Joni Grimm, Project Manager, EnGenDER Project, NCCO
"Under the EnGenDER project we have several project activities, the one today is we are working with the Belize Association of Planners where they are focusing on social barriers and obstacles to address the adverse effects of climate change impacts particularly in Hopkins Village and Dangriga Town. Today we are in Hopkins Village where all the data collected over the past months are being presented and we hope to get good positive feedback from the community. The idea is for the community is to be able to get enough information and capacity building for them to be more resilient from climate change impacts such as hurricanes and other natural disasters that affect Belize and our coastline."

Carolyn Trench-Sandiford, President of the Belize Association of Planners
"We had recently done a KAP survey which is a knowledge attitude and perception survey on climate risk and disaster risk and now what we are doing is we have put everything together, all the data we have collected on those 4 elements that is buildings and infrastructure, on ecosystems and individual capacities and social policies and institutions as well as urban governance and sharing with them some of the recommendations that are necessary to build the resilience of the community to climate change. This meeting is very important to us because with all our projects we tend to be fully engaged with the community because we believe the community knows best as how to address their issues and their problems."

Macario Augustin Jr., Secretary, Hopkins Village Council
"Erosion is something that happens yearly, but this is one of the most tragic ones per say. The sargassum we are experiencing is from south to north, the entire village and it is like 6 feet of sargassum. To be honest, like being on the beach from a young kid like a good 15 feet of beach has already been lost."

Barbara Nunez, Hopkins Resident
"Well with the erosion, I see that sometimes when we have the sargassum it erodes the beach but after that I see the natural process when the beach reclaims the sand back, so the natural beach comes back but from my little knowledge I have noticed that the beach is farther up like erosion is coming along the grounds or lands.
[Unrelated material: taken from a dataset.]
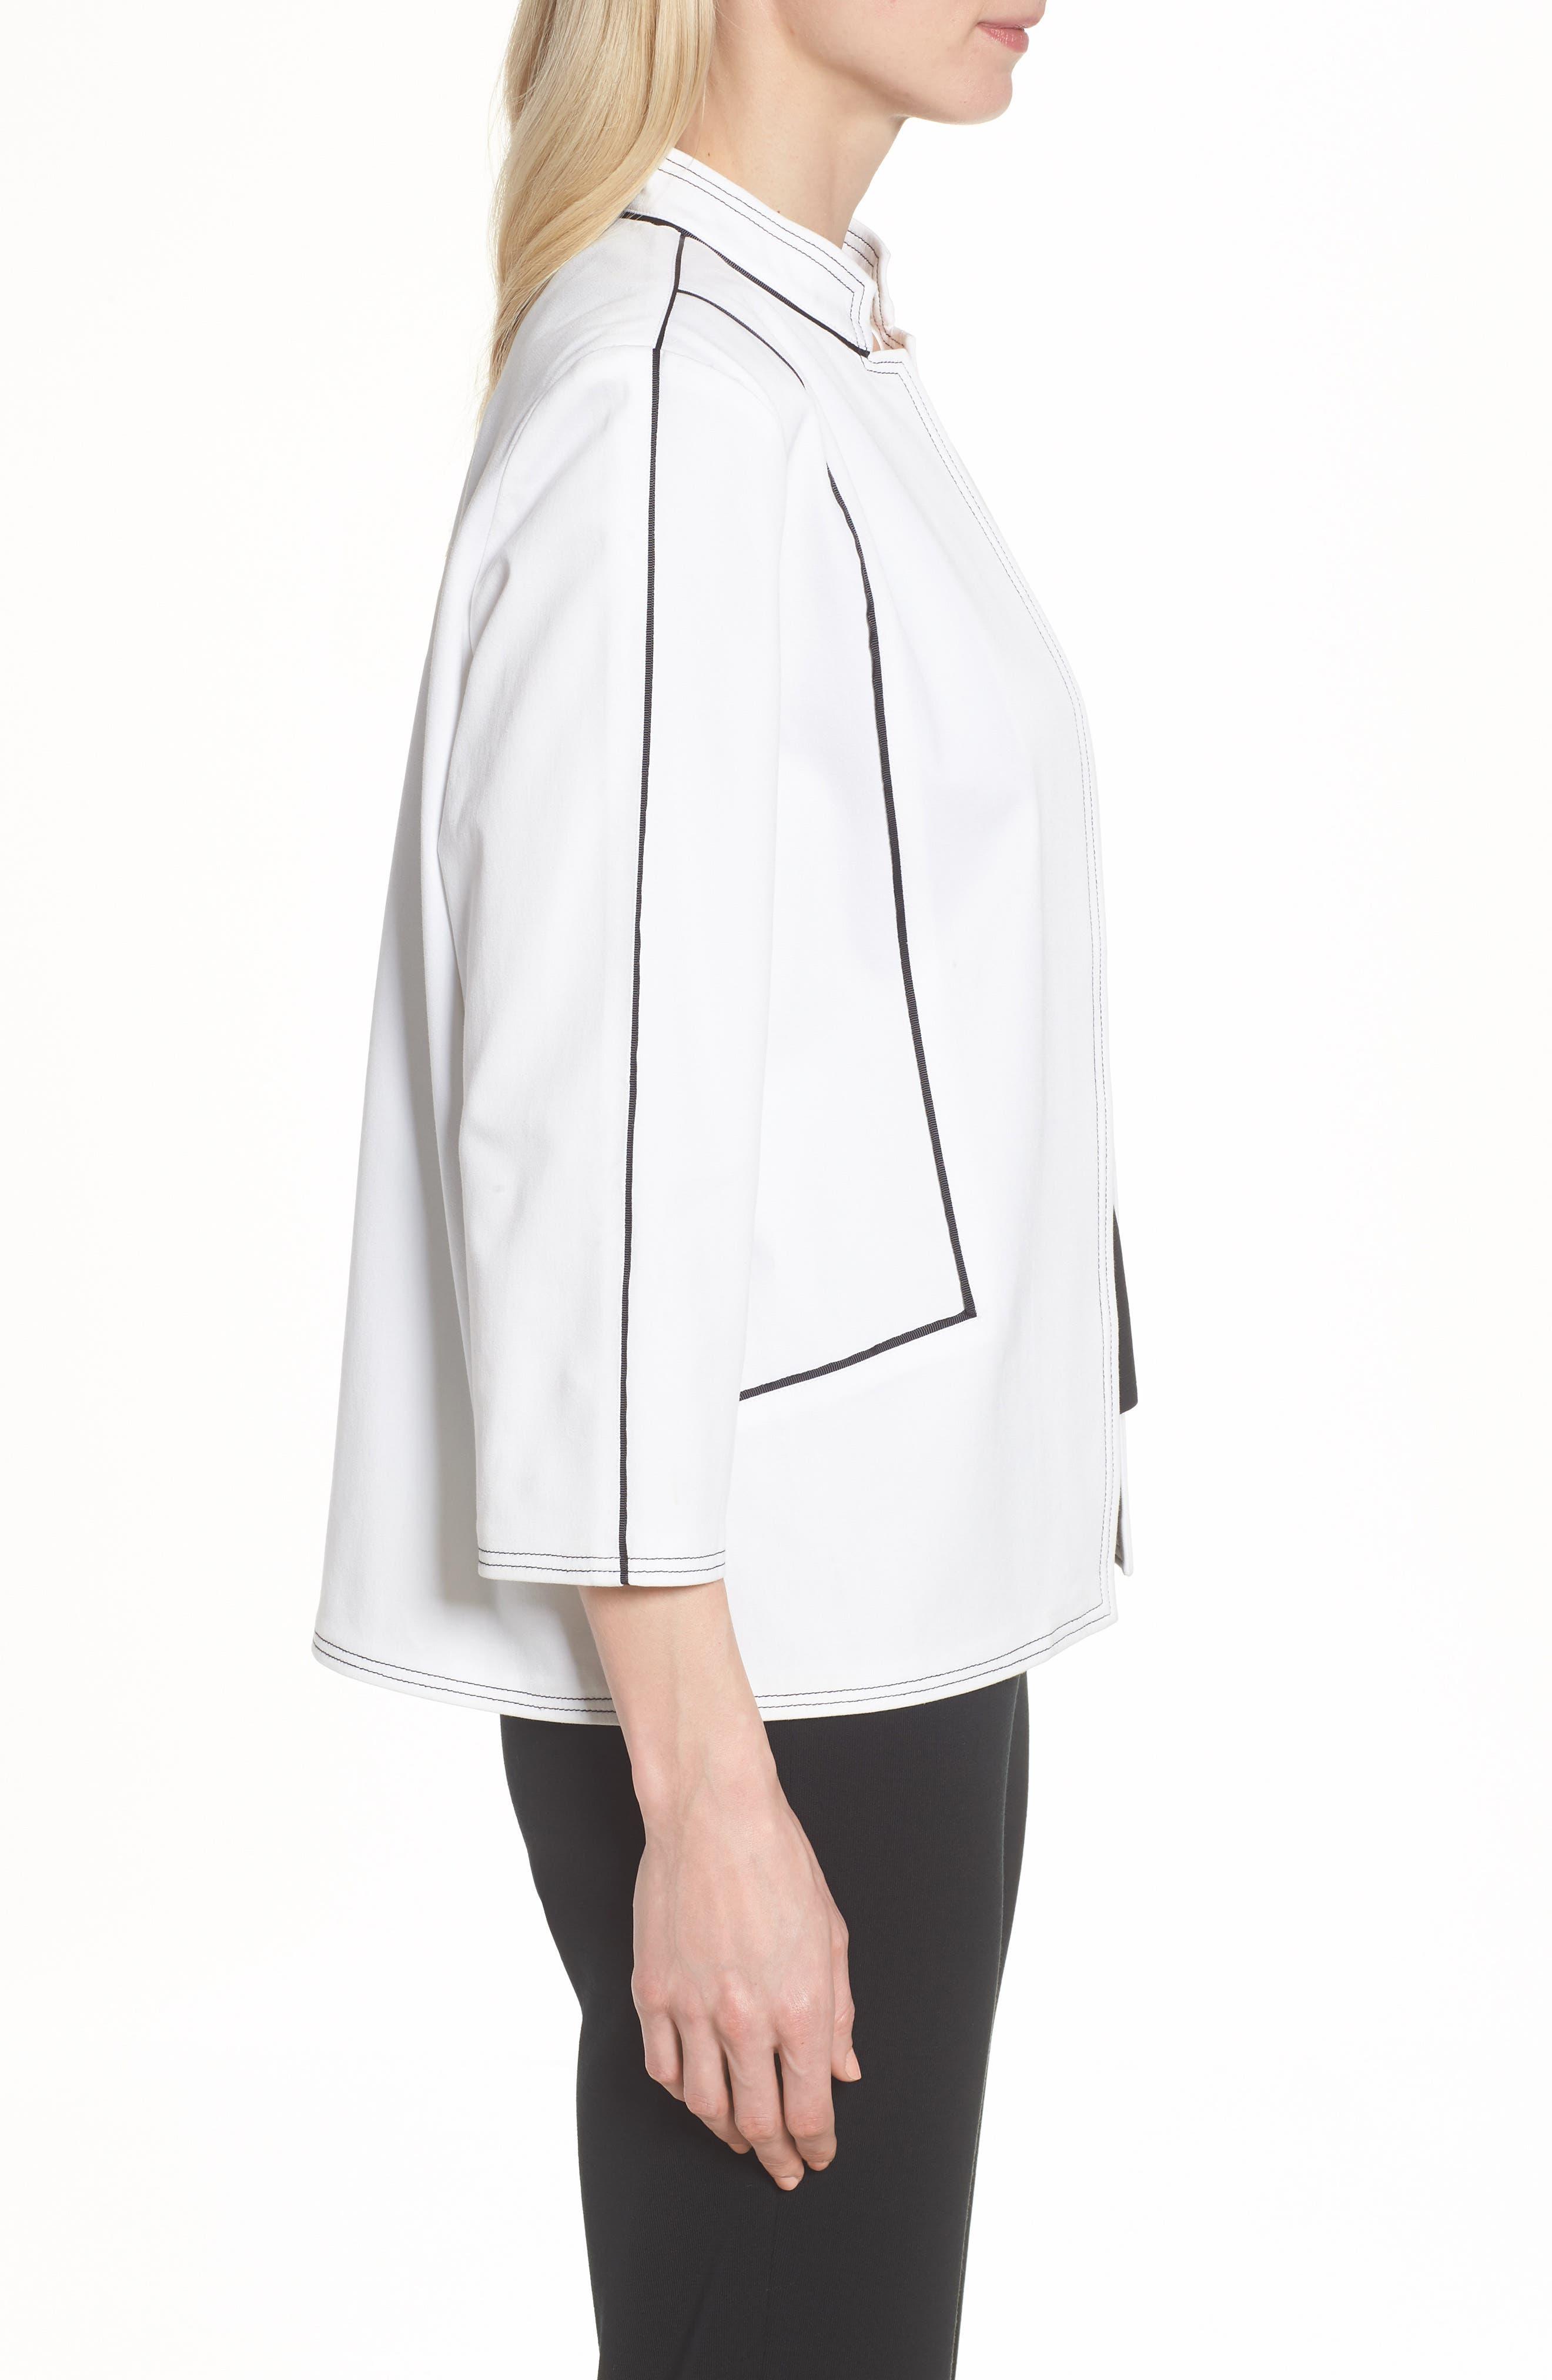 Mandarin Collar Stitch Trim Jacket,                             Alternate thumbnail 3, color,                             White/ Black

For sure I live on the beach and I would not want later days to come, I have to run away to higher ground because probably the beach is eroding further and further and it is hard to stop it so I think we need to have more community minded people and use our own scientific knowledge to help us stay on our beach because it is part of our livelihood, like me I love the beach, the beach is my park so it is hard for me to wake up daily and watching it go so the workshop helps."

Carolyn Trench-Sandiford, President of the Belize Association of Planners "One of the key things we emphasize coming out of this project is that you can't look at climate change as a sector, you can't look at it in silos, you have to look at it integrated, and I think Hopkins village represents the ideal pilot demonstration where you can bring in all elements of resilience."

This data collection exercise and consultation is an extension of the "Enhancing the Climate Resilience of Dangriga and Hopkins" project where a team of Cuban experts traveled to Belize in September 2020 to research Belize's southern coastal erosion problem.

The data and reports will be given to the Hopkins village working group, the National Climate Change Office and it's partners which they can use to produce project concepts and ideas to seek funding to address coastal erosion and other related issues. A consultation will also be held in Dangriga.